No me extiendo mucho sobre las ventajas y beneficios de la respiración. Tienes mas información en el aula de la respiración, donde puedes encontrar diferentes ejercicios y técnicas de respiración.

Tercer hábito: El sueño

El buen hábito es tener un sueño de calidad.

Y para ello es importante que empieces a observar con que pensamientos te vas a dormir. Cual es la última emoción antes de dormirte.

¿Con que información te duermes?

Además, para una buena higiene del sueño es recomendable no utilizar, una hora antes de ir a dormir, aparatos que desprendan luz como el teléfono, la TV,…, ya que alteran los ciclos circadianos.

Ducharse antes de dormir (para eliminar las radiaciones de alta frecuencia).

Anotar (en una agenda) lo que tienes pendiente para el día siguiente, para no estar inconscientemente toda la noche recordando las tareas por hacer.

Vuelvo a repetir, poco a poco. Aplica aquellas que puedas.

Eso si cuida los pensamientos y emociones con los que te acuestas. El sueño es la entrada al subconsciente. Durante la noche te estas programando para el día siguiente.

Cuarto hábito: Ejercicio intermitente

Ejercicio aeróbico intenso durante veinte minutos, con pausas (tres minutos intensos – un minuto de pausa).

Busca alguna actividad que te guste, te motive.

Lo mas sencillo caminar durante 20 – 30 minutos. Alternando tres minutos deprisa, uno despacito.

Hasta aquí los 4 hábitos.

Principio natural

¿Has detectado lo que tienen en común estas cuatro propuestas?

Eso es, la pausa. La pausa consciente.

La vida es ritmo. Y el ritmo esta hecho de pausas.
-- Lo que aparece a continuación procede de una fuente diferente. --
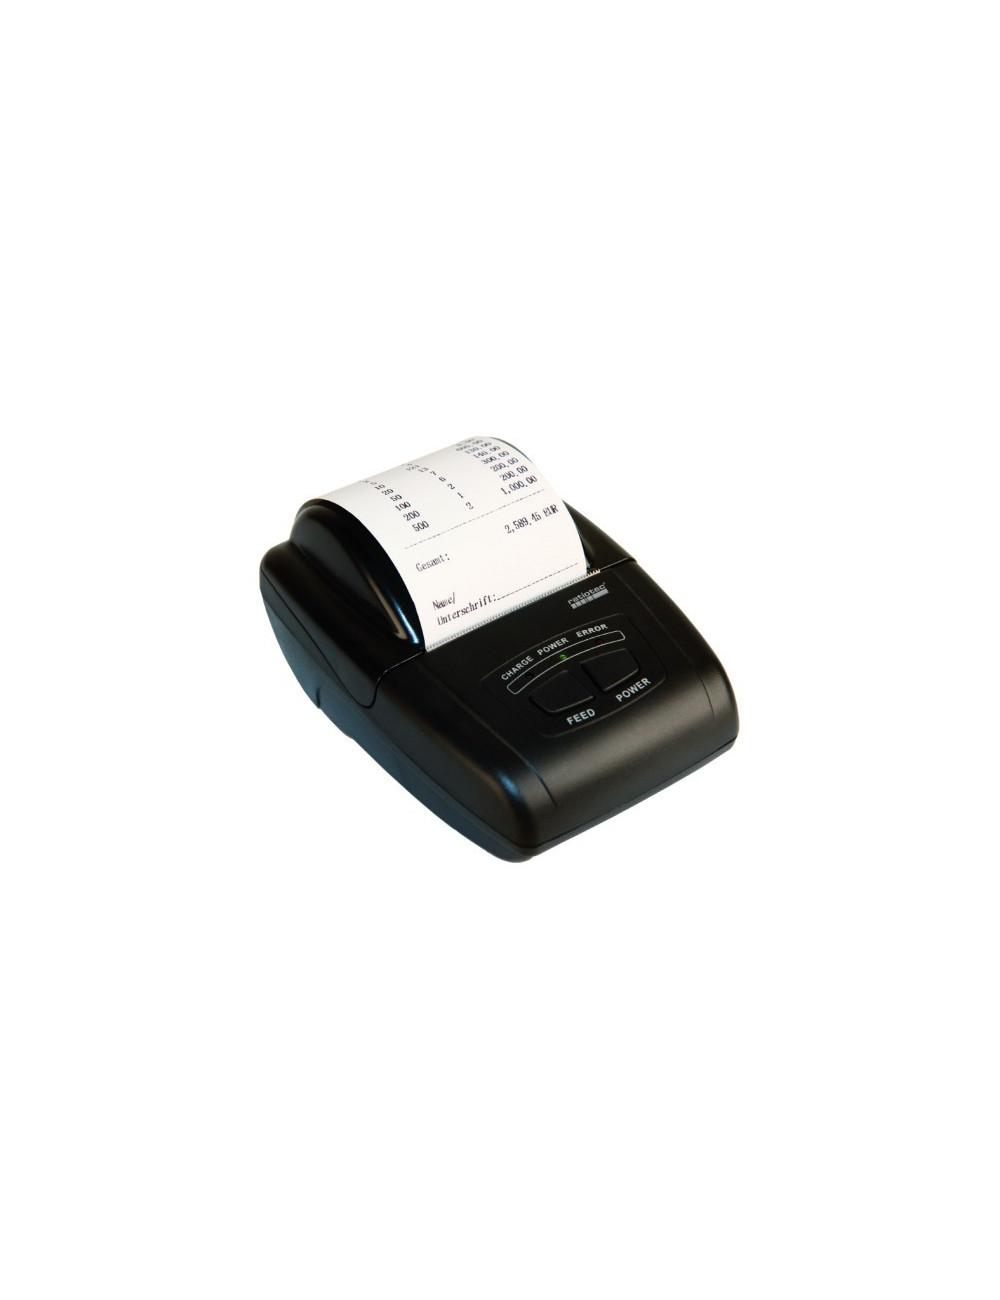 Imprimante Thermique RTP300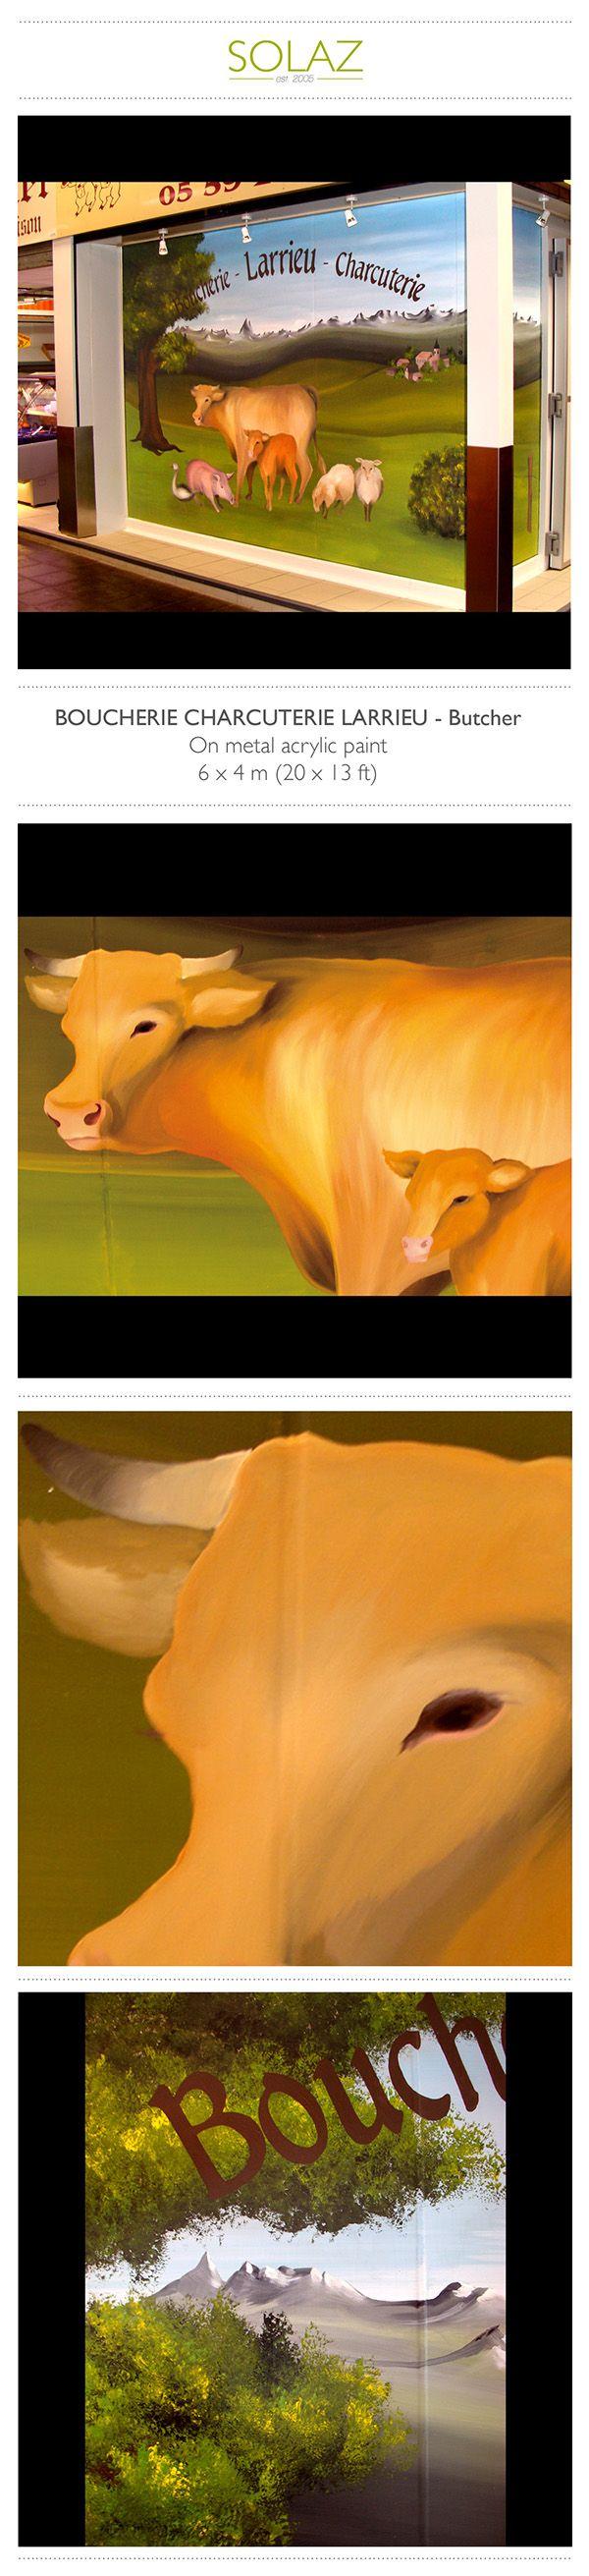 BOUCHERIE CHARCUTERIE LARRIEU - Butcher by Helene Bataille, via Behance -  www.designbysolaz.com #drawing #illustration #painting #paint #mural #wallpainting #sheet #cow #duck #sudouest #france #landscape #mountains #artisanal #shop #handwork

• Pausa circasiana – El sueño
• Pausa alimentación – dieta intermitente
• Pausa respiratoria – fases respiratorias (inhalación – pausa – exhalación – pausa)
• Pausa/Ritmo en el ejercicio – Corazón – Ritmo cardiaco – Emociones

Cuándo pierdes el ritmo, te pierdes.

Saber cuál es tu ritmo, es aceptar tus límites.

En la pausa eres el/la observador/a, recuperas el ritmo, la pausa de la vida y empiezas a disfrutar.

Cuando observas tu ritmo, se organizan los patrones de información. Tu patrón de ordenamiento, tu alineación. Recuperas el equilibrio.

Vivir es ordenarse. Ordena tus ritmos, tus pausas.

Por todo esto, los hábitos enumerados equilibran y armonizan, generan bienestar. Lo que tienen en común es la clave de su beneficio.

Si vivimos acelerados, sin pausa, dejamos de disfrutar de la vida, además de no permitir que el organismo se regenere. No hay tiempo para su regulación natural.

Cuando logré hacer tres de las cuatro que he compartido, mejoro mi vida. Intenta implantar en tu vida alguna y a ver que pasa.

Poco a poco. Comienza por las que te sean mas sencillas. Seguro que alguna ya forma parte de tu vida.

Y mil gracias por tomarte una pausa para leer el articulo.